• WHAT IS REQUIRED:
The reply should hold every line of the listing exactly, and none of its images.

• SOURCE DATA:
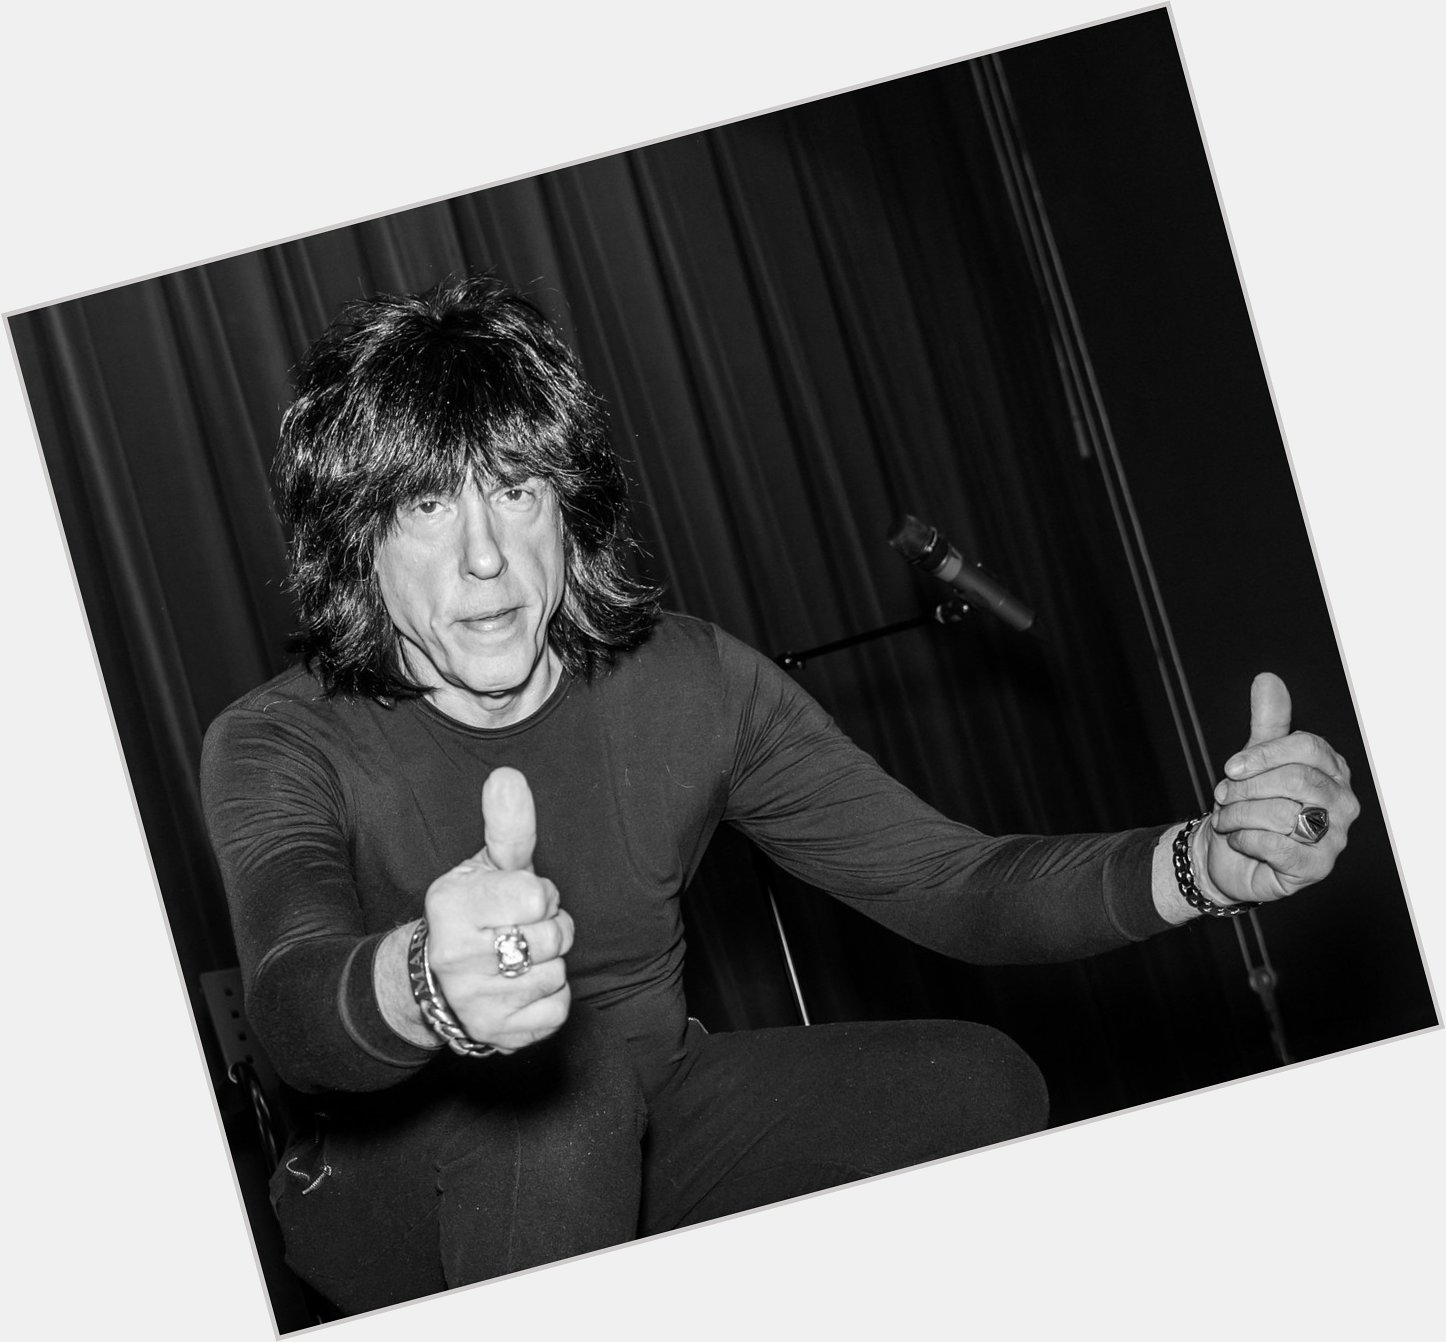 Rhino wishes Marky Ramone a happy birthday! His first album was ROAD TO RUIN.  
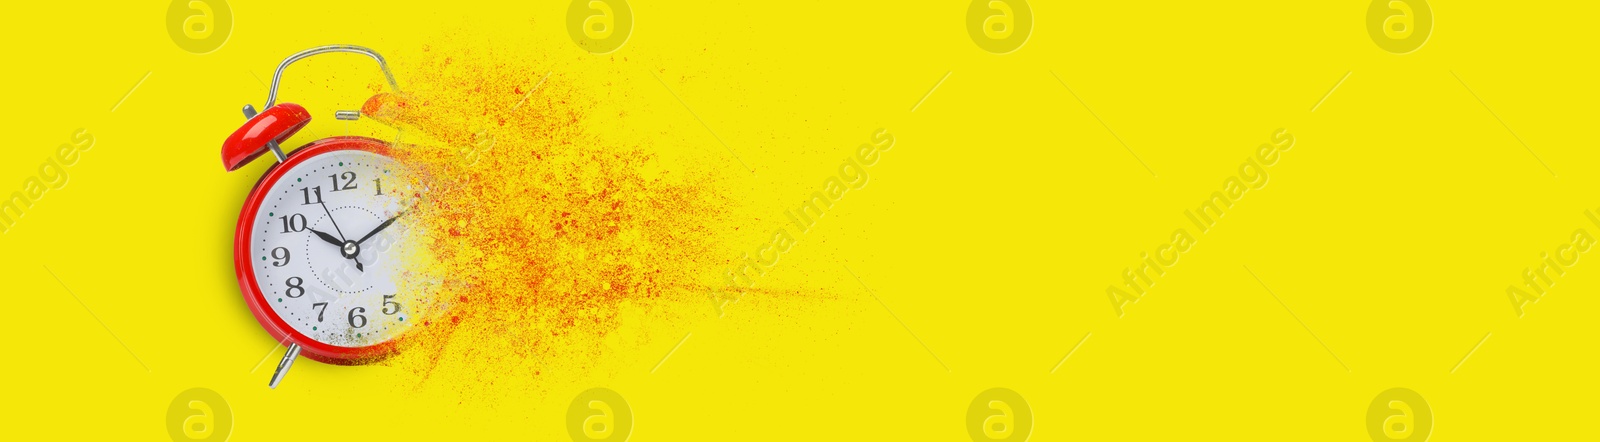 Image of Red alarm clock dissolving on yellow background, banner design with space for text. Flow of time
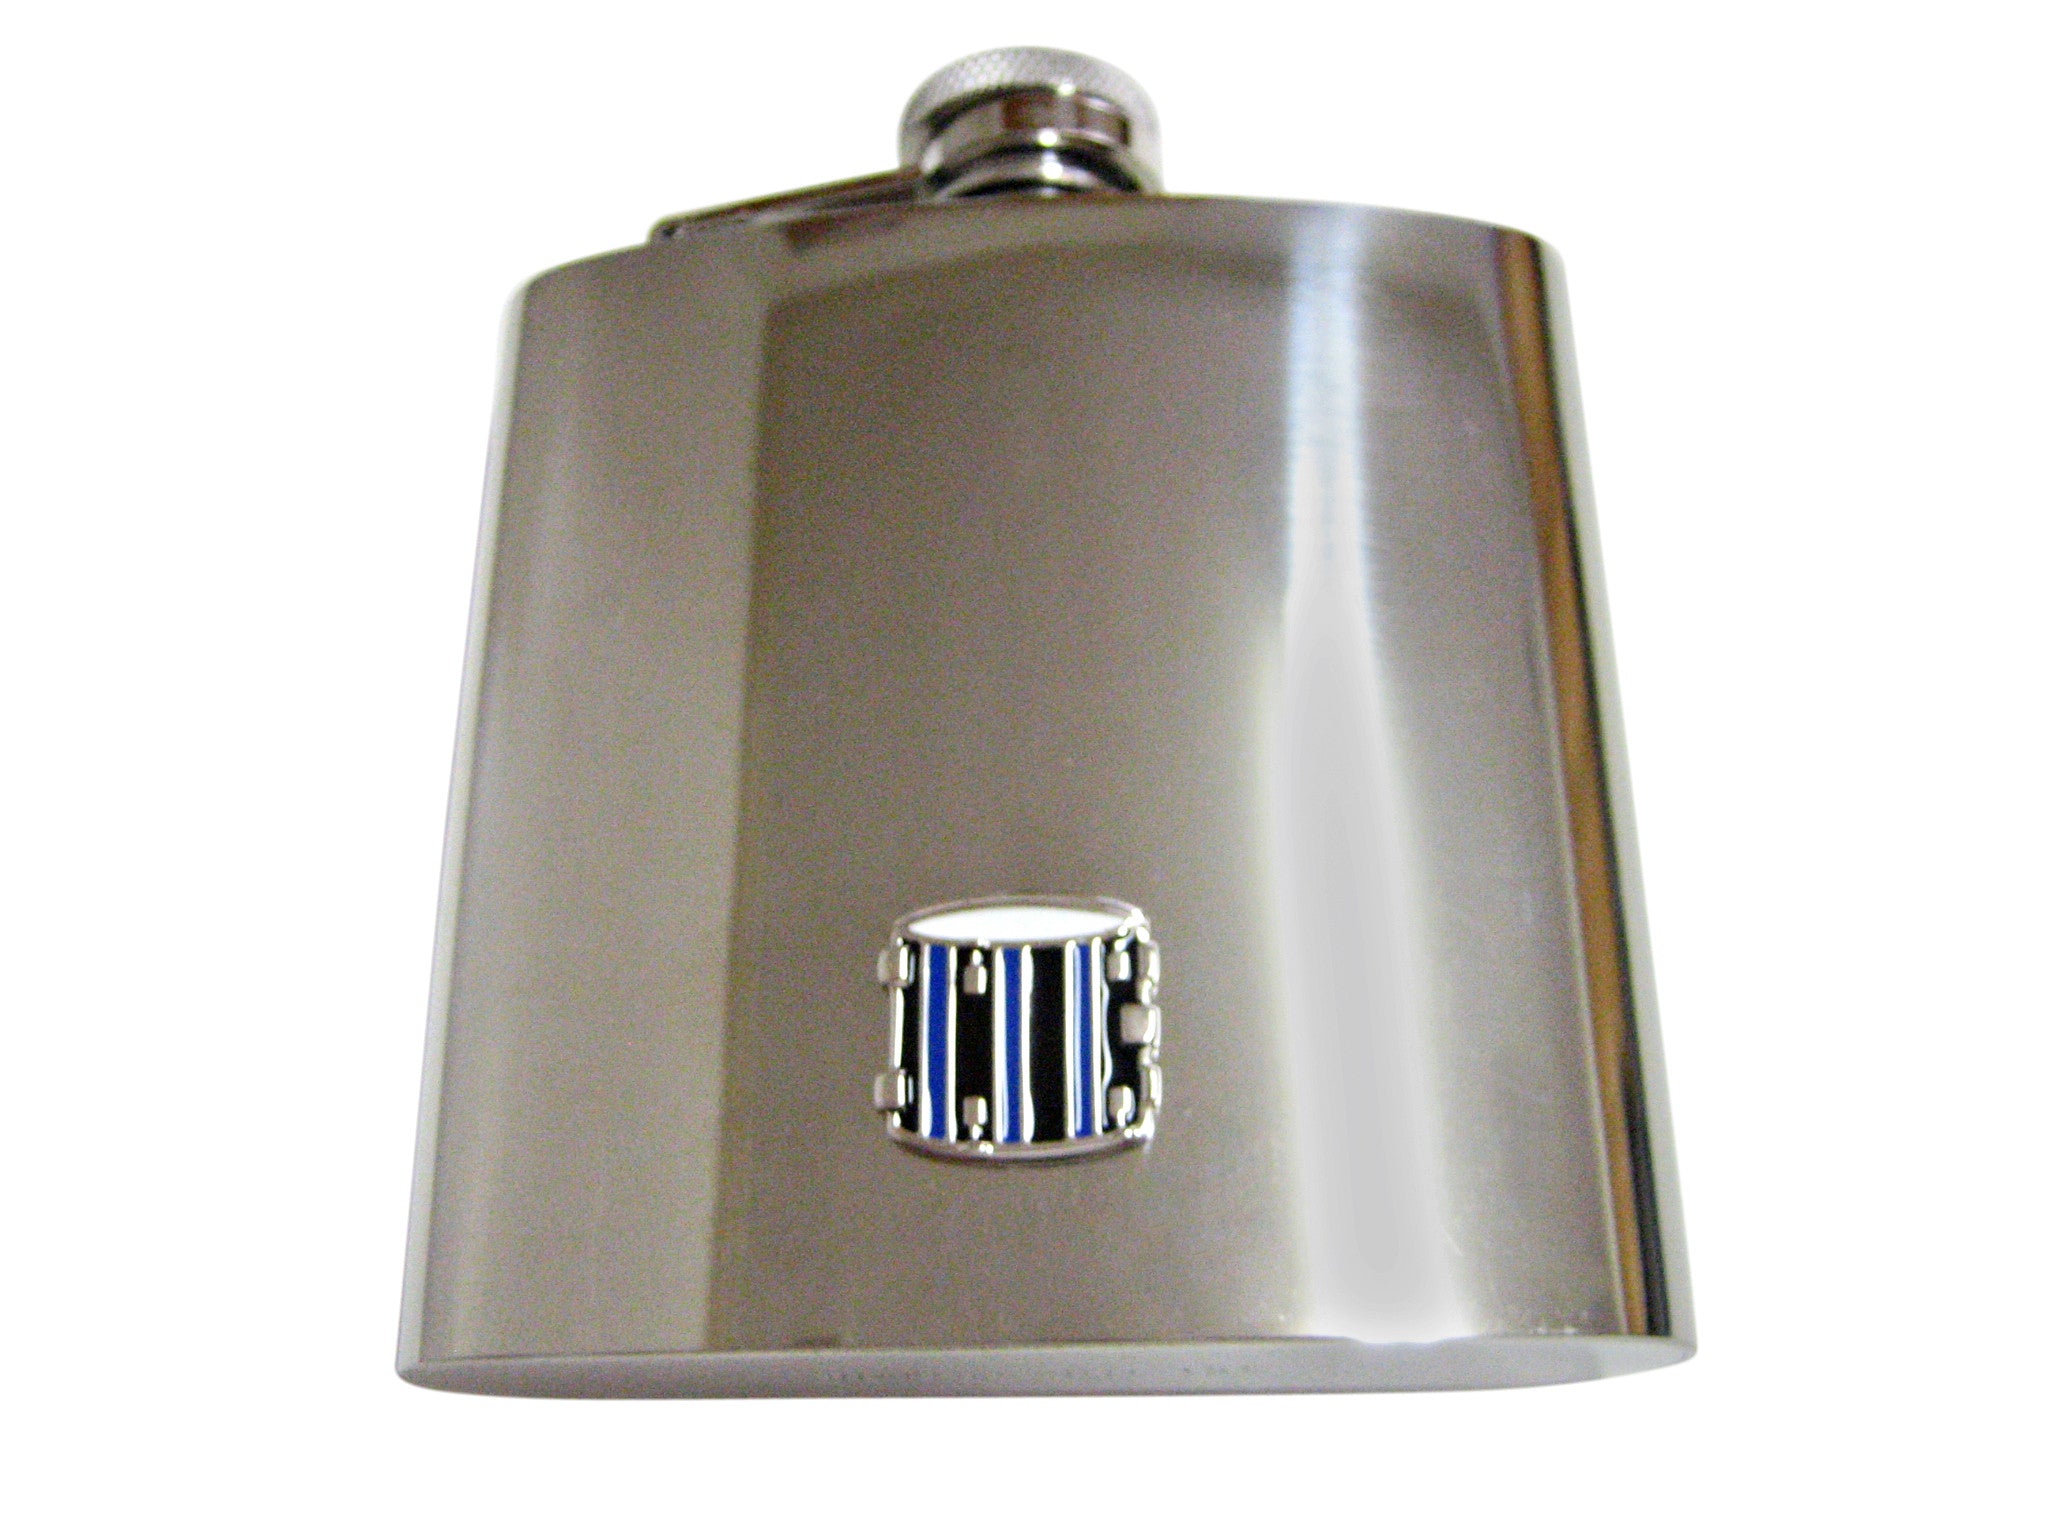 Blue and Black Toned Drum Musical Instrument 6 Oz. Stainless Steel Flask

• PROBLEM SOLUTION:
 Rhino wishes Marky Ramone a happy birthday! His first album was ROAD TO RUIN.  
 Image of Red alarm clock dissolving on yellow background, banner design with space for text. Flow of time
 Blue and Black Toned Drum Musical Instrument 6 Oz. Stainless Steel Flask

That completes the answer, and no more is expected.